§ **TO DO**
Skip the pictures. Output only the lines below starting at the line with "Купить Сервер ARTLINE" and ending at the line with "galleries wife blowjob", both ends included, exactly as they are.

§ **DATA EXTRACTS**
·····
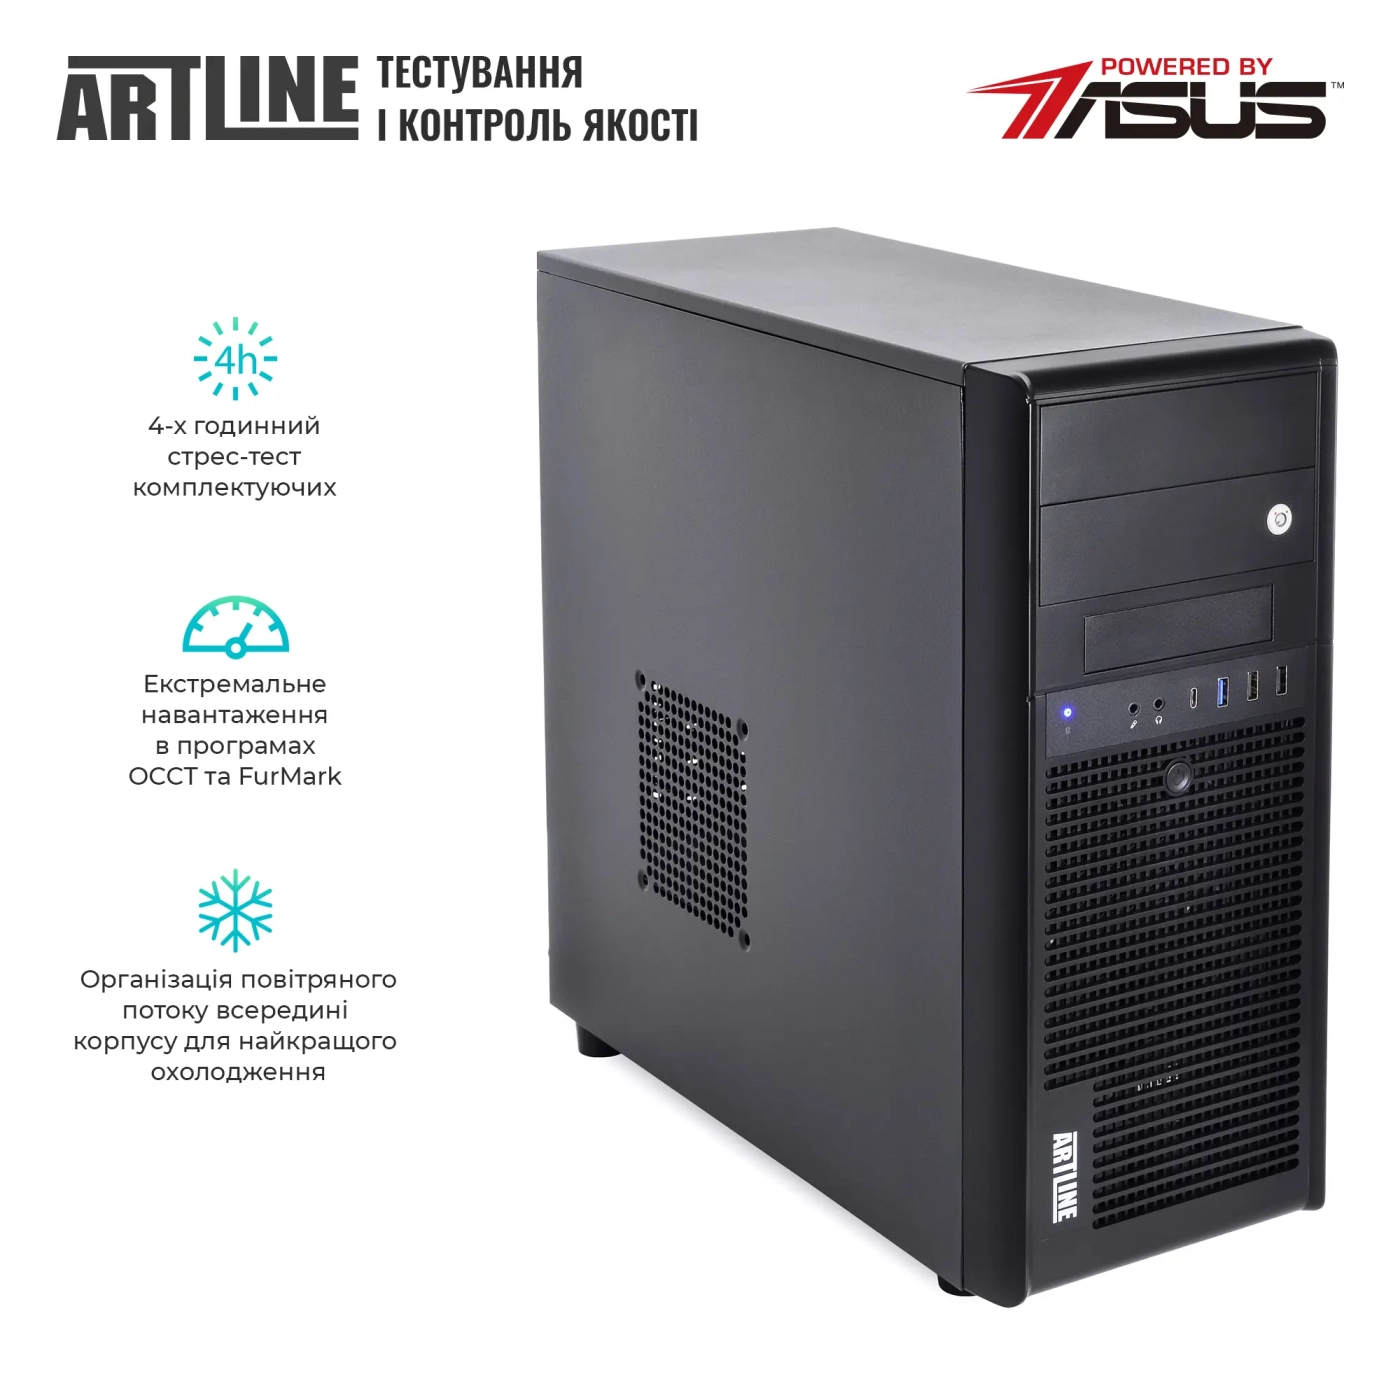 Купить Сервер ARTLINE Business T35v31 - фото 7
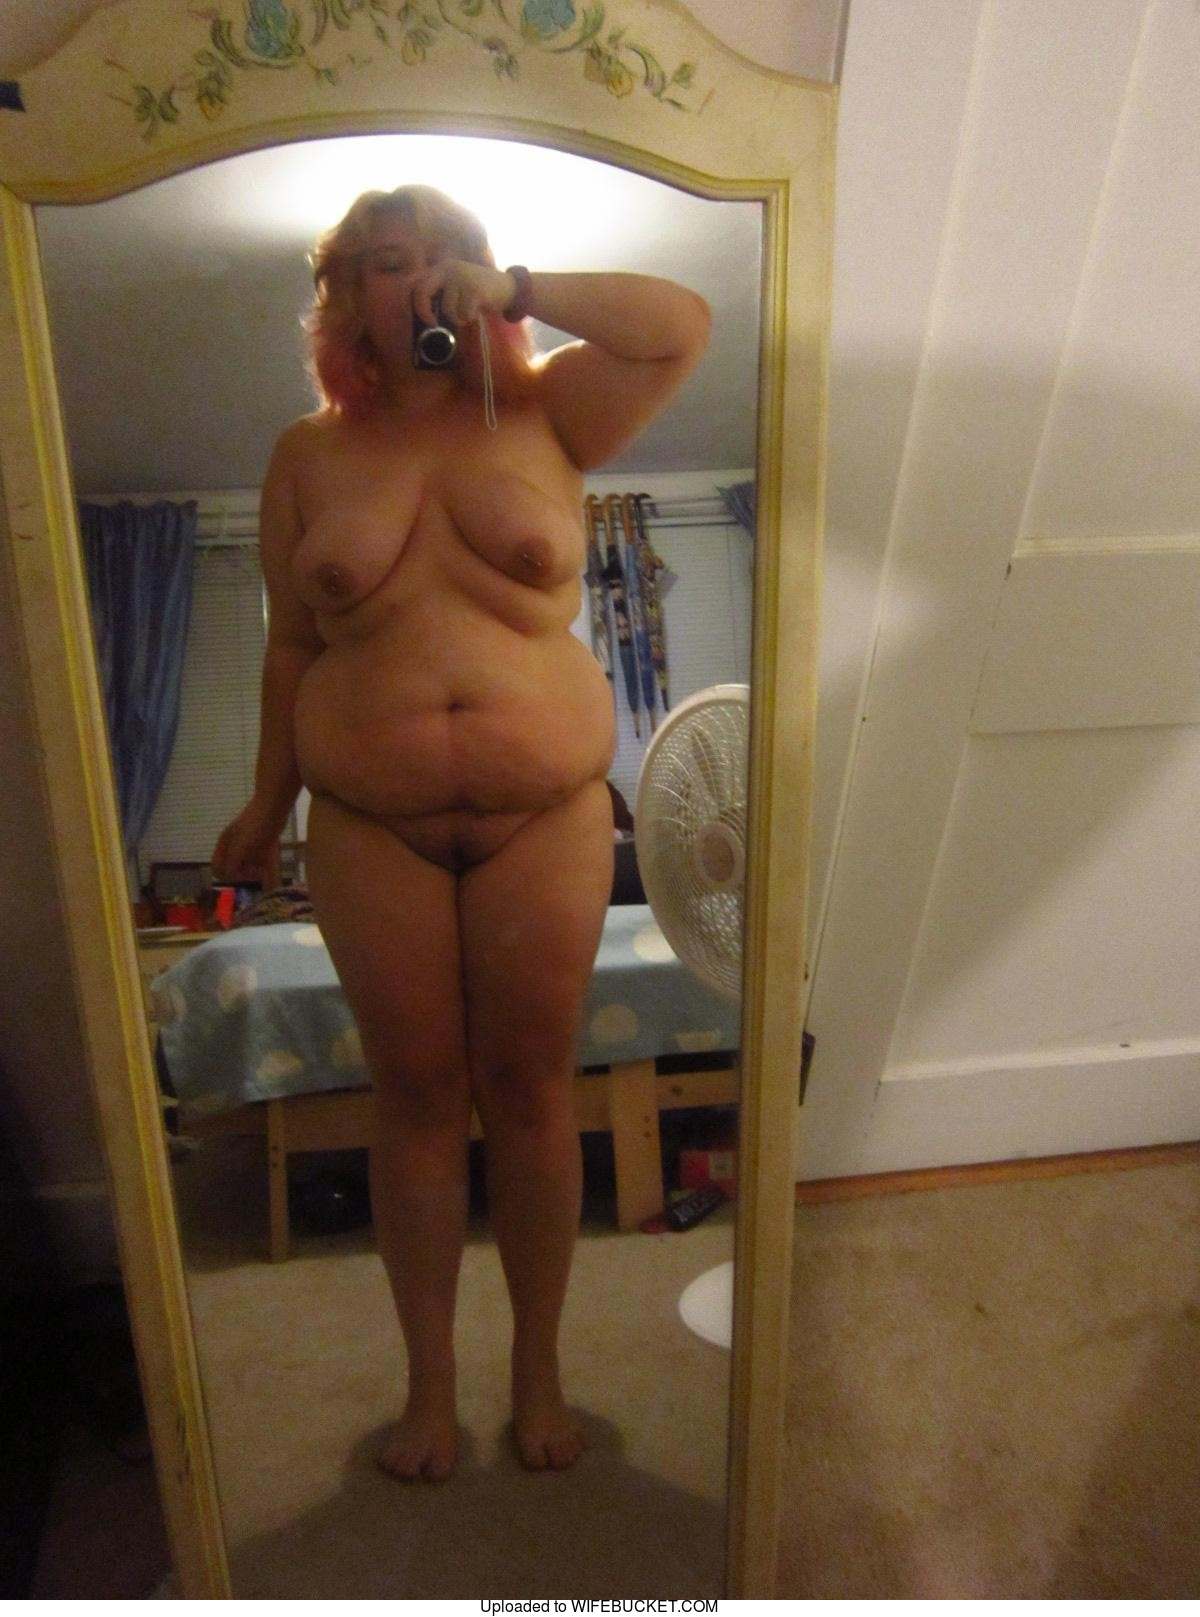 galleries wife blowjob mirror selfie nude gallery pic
·····
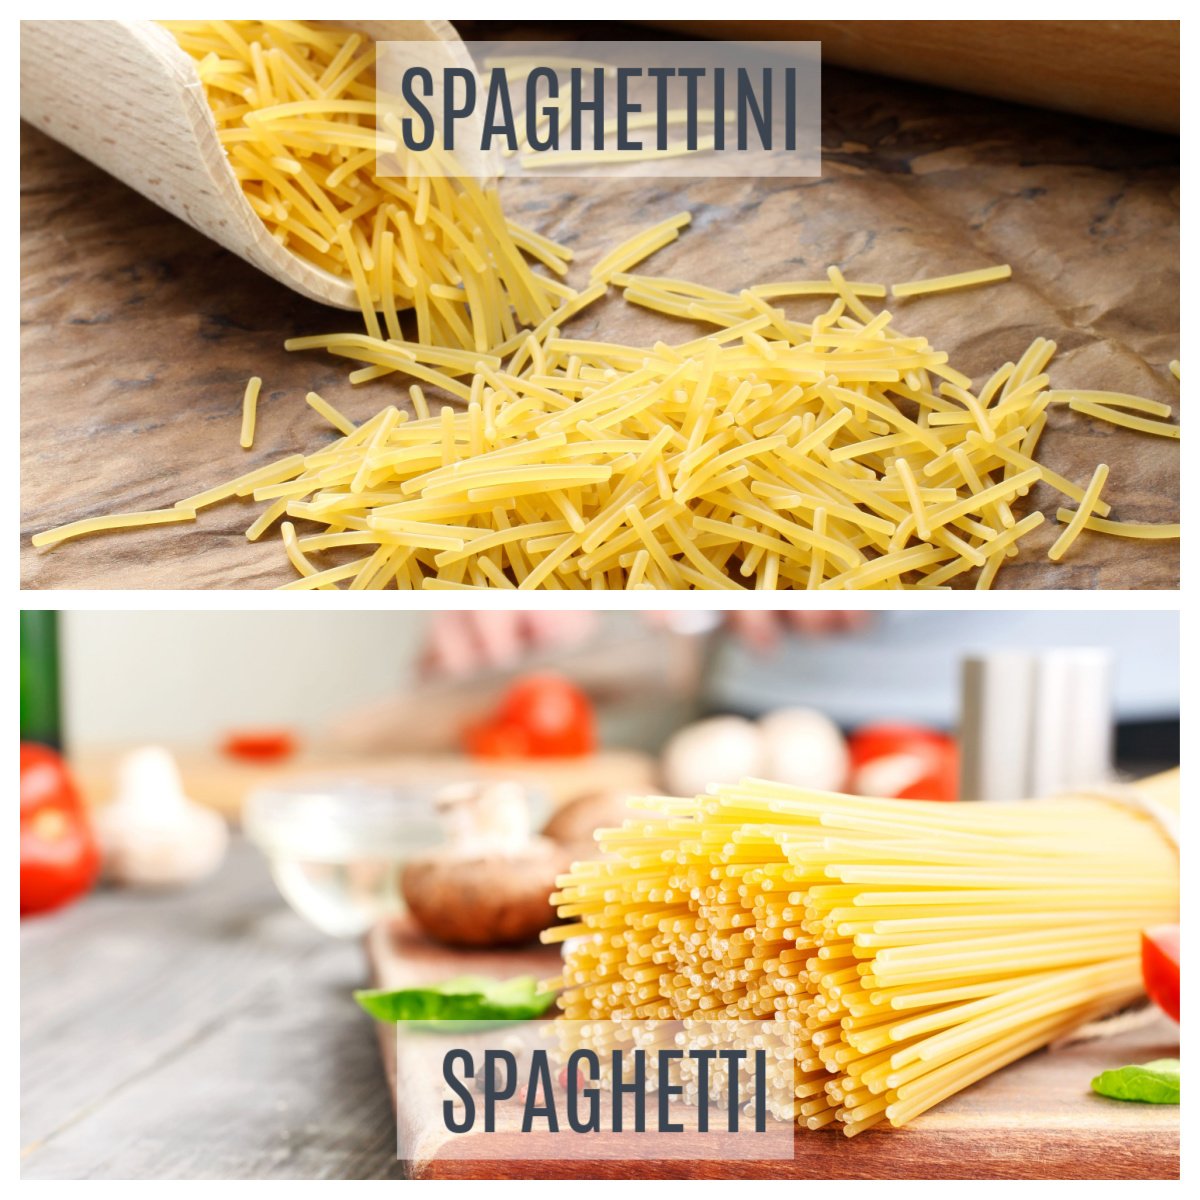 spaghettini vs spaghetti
·····
§ **ANSWER FOR THIS EXERCISE**
 Купить Сервер ARTLINE Business T35v31 - фото 7
 galleries wife blowjob mirror selfie nude gallery pic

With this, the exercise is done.